How to enable use of all cpu cores?

I currently have stable-diffusion-cpuonly version installed with learning pack 1.5 and have been noticing that it only uses at most 40%~ of the cpu and around 8-12gig of ram.

This system has 48 cores at 2.6ghz, 64gig ddr4 ecc ram,geforce 980GTX 4GB

Is there a way to configure this to use all cpu cores, or use n cores?

2 Likes

I have the same problem. Have you found a solution?

1 Like

I have yet to figure it out I dont see anything in the code about cores or stuff, makes me wonder if the process itself isnt that parallelize-able or something. Out of 48 cores I use about 40% which is around 20 cores. So I dont think its a hyper threading issue or it would be capping out at 24 cores id assume. I assume not as many people are doing this as I would think. I have no serious reason to use this program mostly just experimenting and trying different stuff with txt2img and img2img, would be sweet to get it to use 100% though, perhaps somone more versed in it will chime in at some point ill keep watch on this thread.

1 Like

:white_check_mark: For PyTorch-Based Stable Diffusion (Most Common)

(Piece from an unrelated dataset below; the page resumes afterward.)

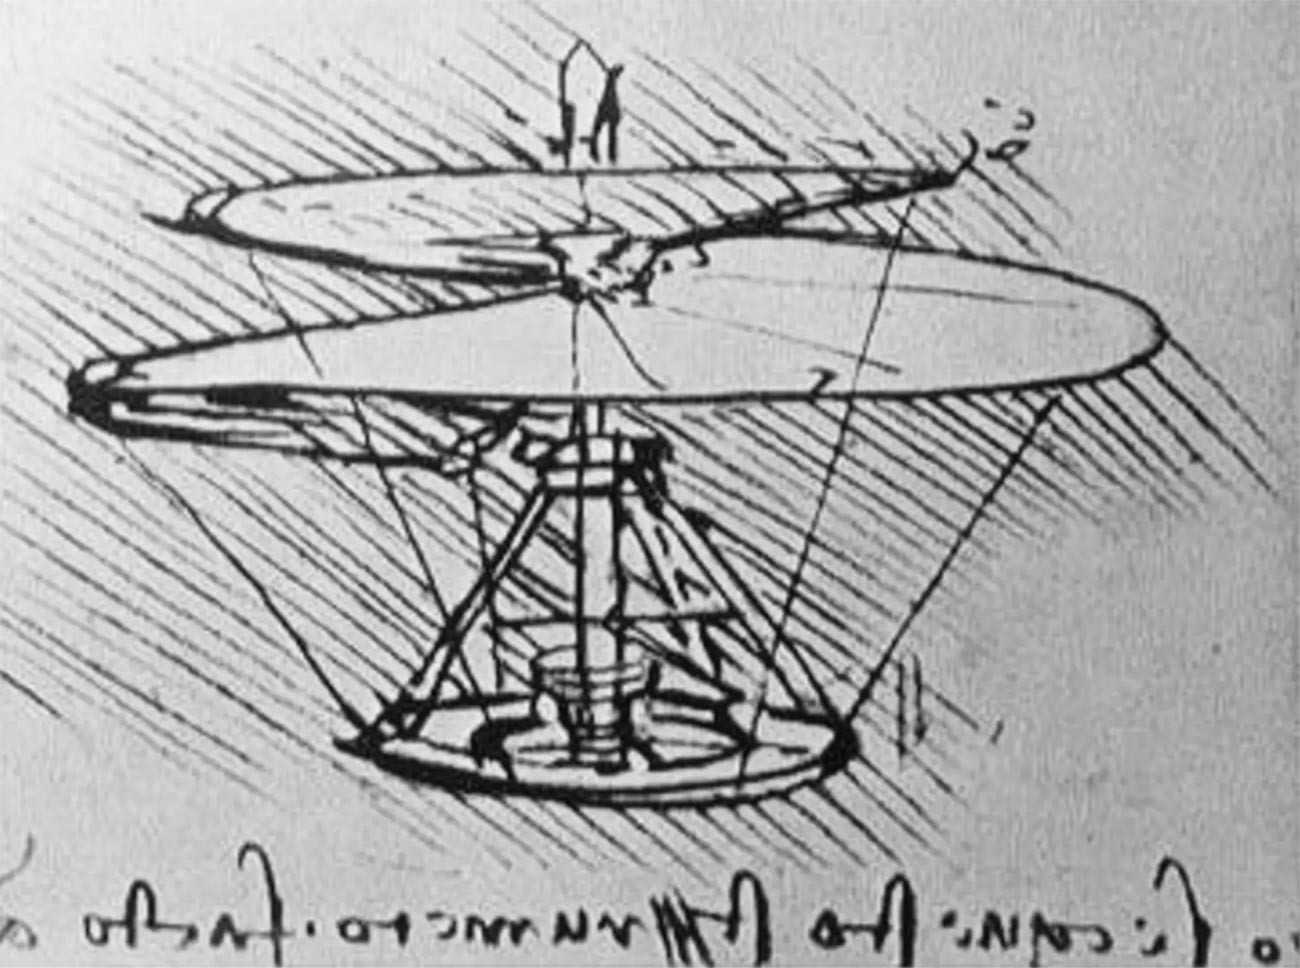 Hubschrauberprototyp von Leonardo da Vinci

Put this at the top of your script:

python

CopyEdit

import torch
import os
import multiprocessing

# Use all logical CPU cores
num_cores = multiprocessing.cpu_count()
torch.set_num_threads(num_cores)
torch.set_num_interop_threads(max(1, num_cores // 2))  # Optional tuning

print(f"🔧 Using {num_cores} CPU threads for PyTorch")

This configures PyTorch to fully use the CPU for inference or training.


:white_check_mark: For Diffusers (Hugging Face’s diffusers library)

If you’re using from diffusers import StableDiffusionPipeline, you can combine this with:

python

CopyEdit

pipe = StableDiffusionPipeline.from_pretrained("CompVis/stable-diffusion-v1-4")
pipe = pipe.to("cpu")  # ensure it's CPU-only

And then set the CPU usage as above with torch.set_num_threads(...).


:white_check_mark: For ONNX Runtime Backends (if used)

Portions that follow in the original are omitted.